I won't lie, it took us several minutes to find our place in town and to locate where this walking tour was leading us, but eventually we did. During the tour we wandered past ponds, huge colorful Hindu statues, old historic libraries, beautiful golden Buddhist temples, monks in rich, red robes, children at play at a very resourceful-looking pingpong table and finally to a most appealing looking lunch stop.
We dined on organic avocado salads, creamy hummus with pita, mezze plates, and an ice cold bottle of chardonnay. Our inner California nature was finally at peace with this meal.
It seemed we enjoyed ourselves so much that before long we realized it was time to meet our driver. We paid up and stepped outside, and it didn't take us long to realize something had developed during our lunch time-warp. A rather large festival had gathered and we were stuck smack dab in the middle of it, with no van driver in sight. It appeared that due to the festival, automobiles were not being allowed into the town. (This might have something to do with the ticket lady?!)
We walked to the edge of town and found a local establishment to make a call to our driver. As it turns out he was on the other side of town and we would therefore need to make the trek through the festival to meet him… and so we did.
We met him a good 30 minutes later and were relieved to jump in the van and make tracks back to Kathmandu. Being the good tourists that we are, we had our driver drop us at Durbar Square in the middle of town, with hopes to get some nice shots as the sun sank behind the red painted buildings. As luck would have it, they too were charging to walk through the square. This time, it was about $6.50 per person, but we were still not having it. We skirted the booth officials and managed to get a few quality shots of the square, but in the process lost track of our path back to our hotel.
By this point the ladies were good and ready to end the day of walking and to take in sunset on the rooftop of the Royal Penguin Hotel, the men were a bit more ambitious; or more correctly a bit more stubborn. The ladies piled into the next cab we saw and bid farewell and good luck to the fellas as we pulled into traffic. The drive back took nearly 20 minutes as our driver seemed lost, couldn't speak English or read a map. We finally pulled up to the hotel and were greeted by two large, smug smiles on the balcony of our rooms overlooking the street. Attempting to have us believe they made it back on their own accord, Adrian and Bryan soon admitted that they, in fact, took a bicycle rickshaw. In any case they were there, we were there, and beers were necessary.
We went up to the rooftop, opened one of the fine reds Selma brought from Wisconsin and hung out until our hungry tummies demanded they be attended to. We found a recommendation for a great momo spot, called Yangling, in the tourist area of Thamel. We got ready and headed out. We found the place with little effort and pulled up some chairs and popped open a few frosty Everests. Hungry and interested in this new found dish, we ordered just about every option on the menu. We proceeded to eat to our hearts content, cashing 60 momos between the 6 of us… Good Showing!

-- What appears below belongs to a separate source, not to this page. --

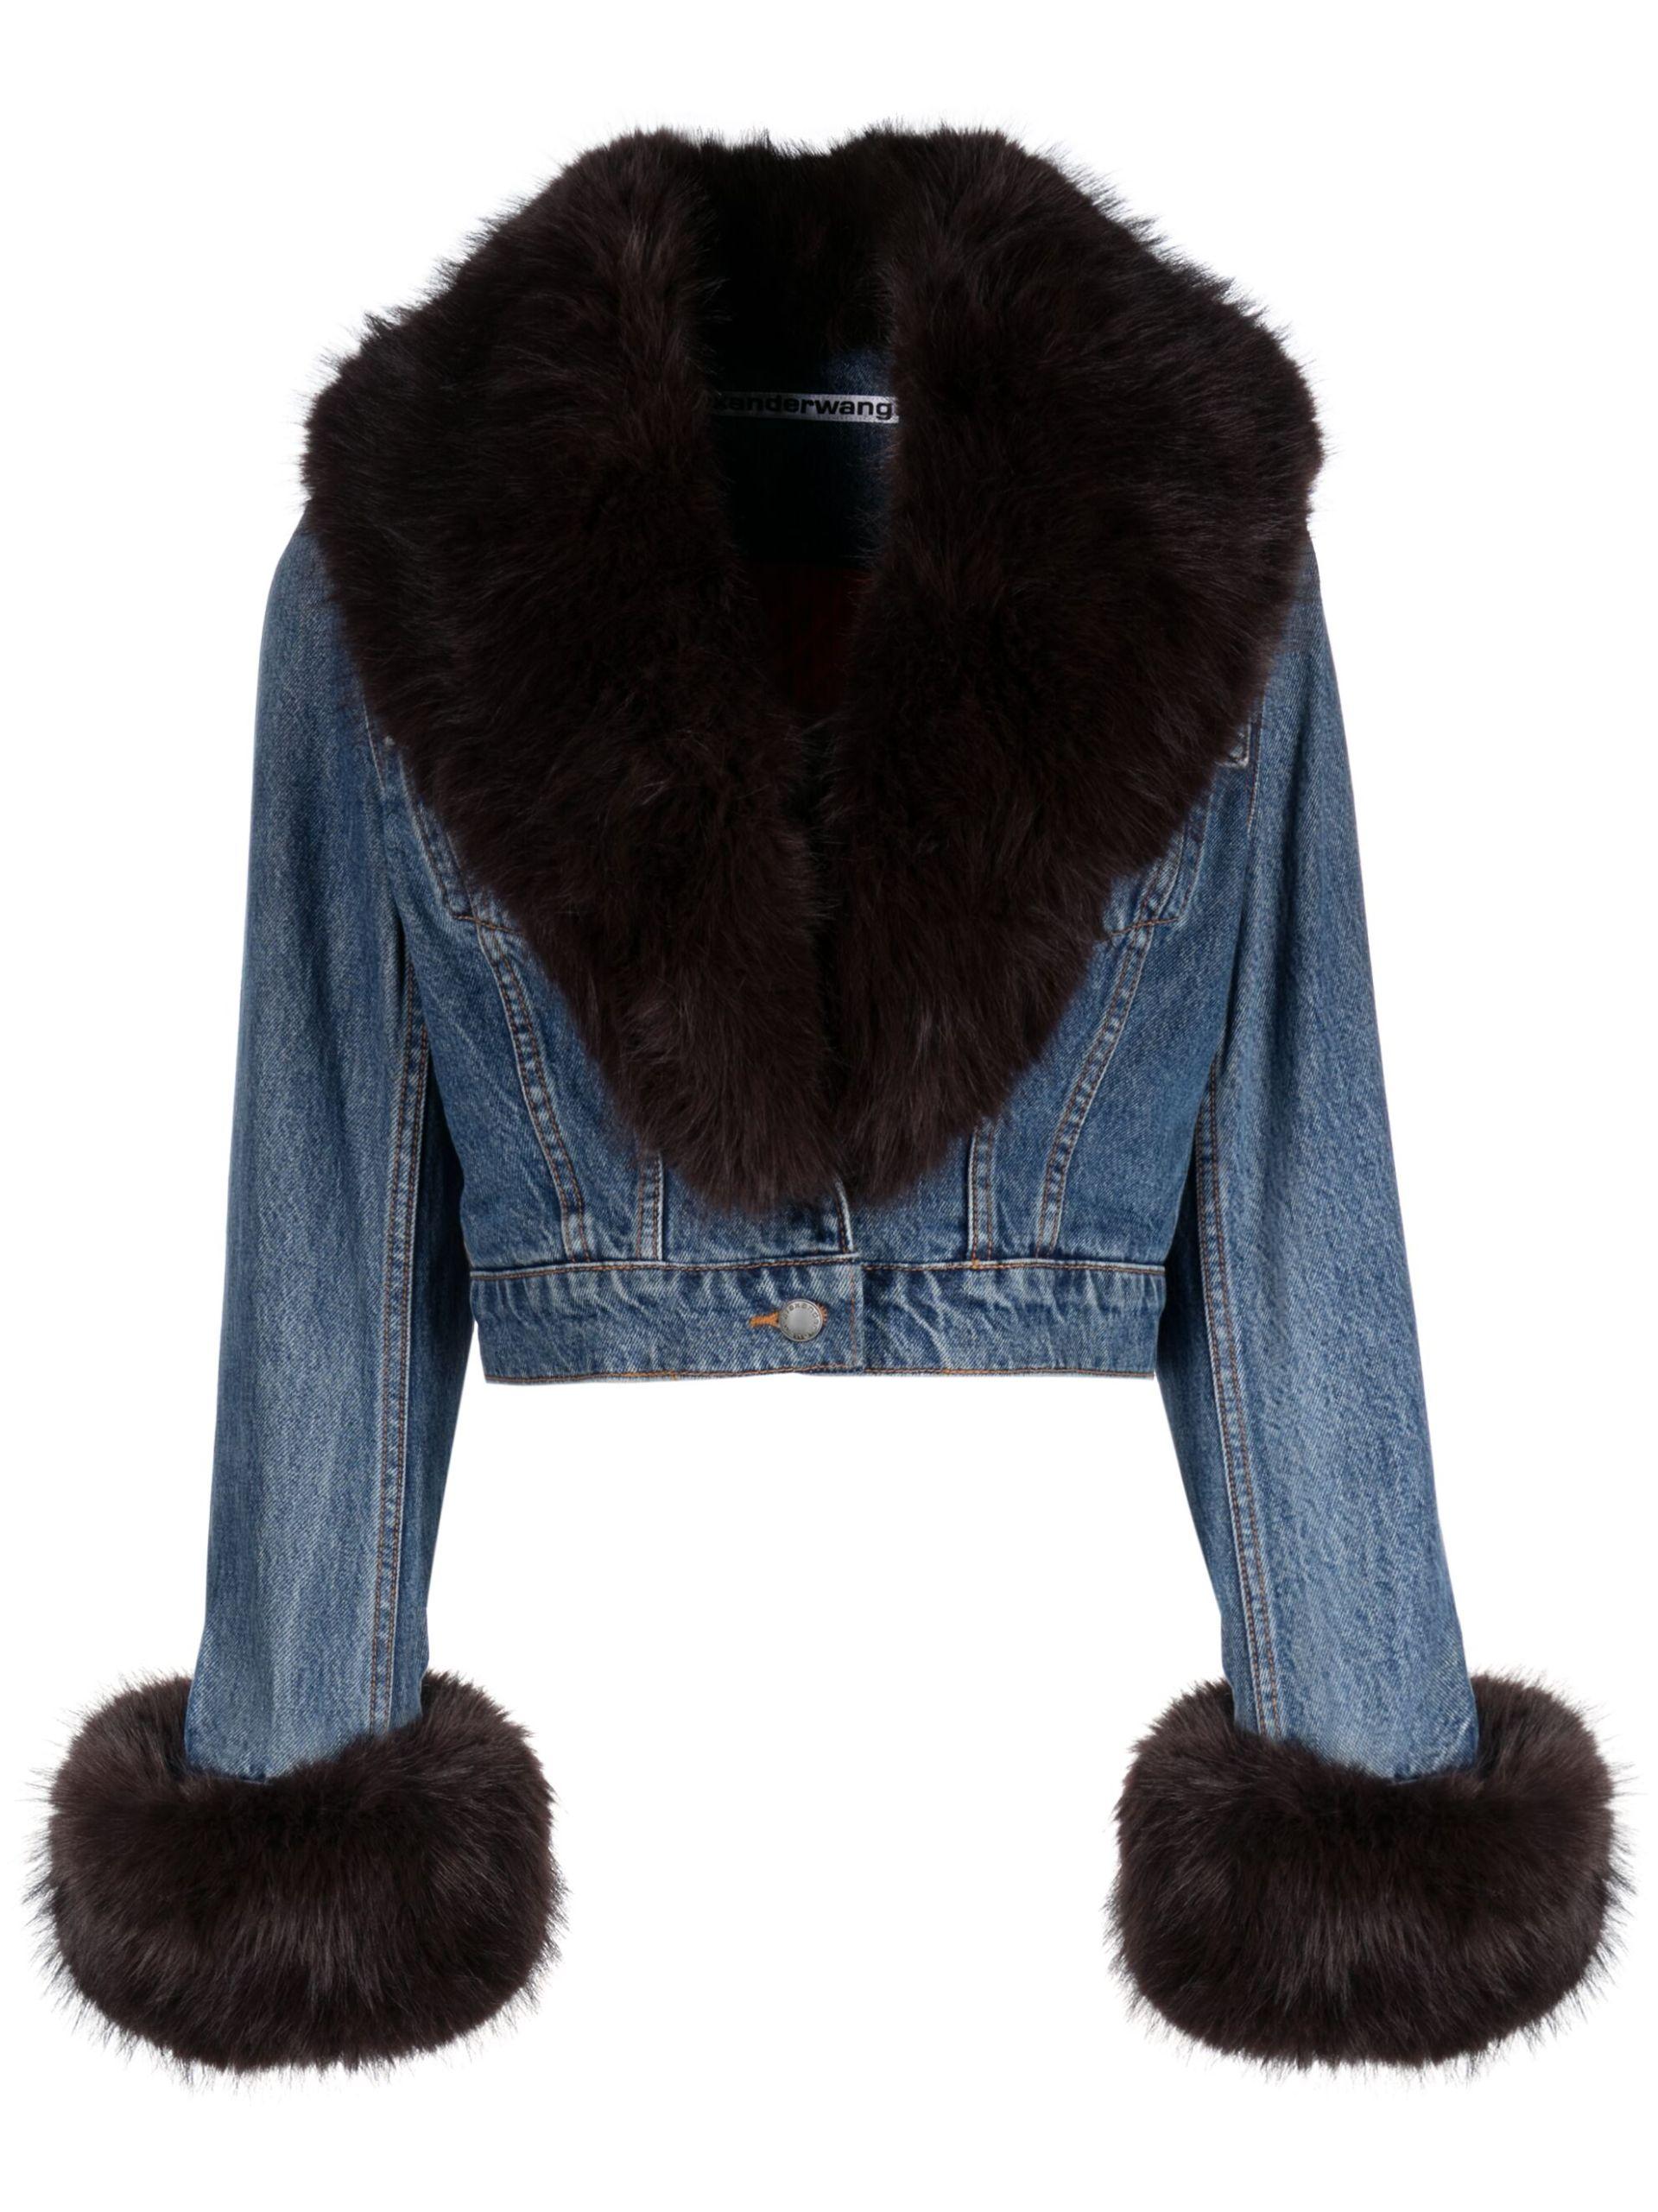 LEVI'S Faux Fur Collar Blue Denim Cotton Cropped Jacket M 10-12 Girls |  Dark wash denim jacket, Lightweight denim, Crop jacket

When we couldn't conceive of another bite, we paid our bill and made the journey back to the hotel stopping to pick up a few essentials for the ride out to Pokhara the following day. It was to bed early for a breakfast in the morning and long, grueling 6 hour van ride. We had just scratched the surface of what Kathmandu had to offer, but luckily we would be back for another stint in roughly 10 days.
Until then, the adventure continues!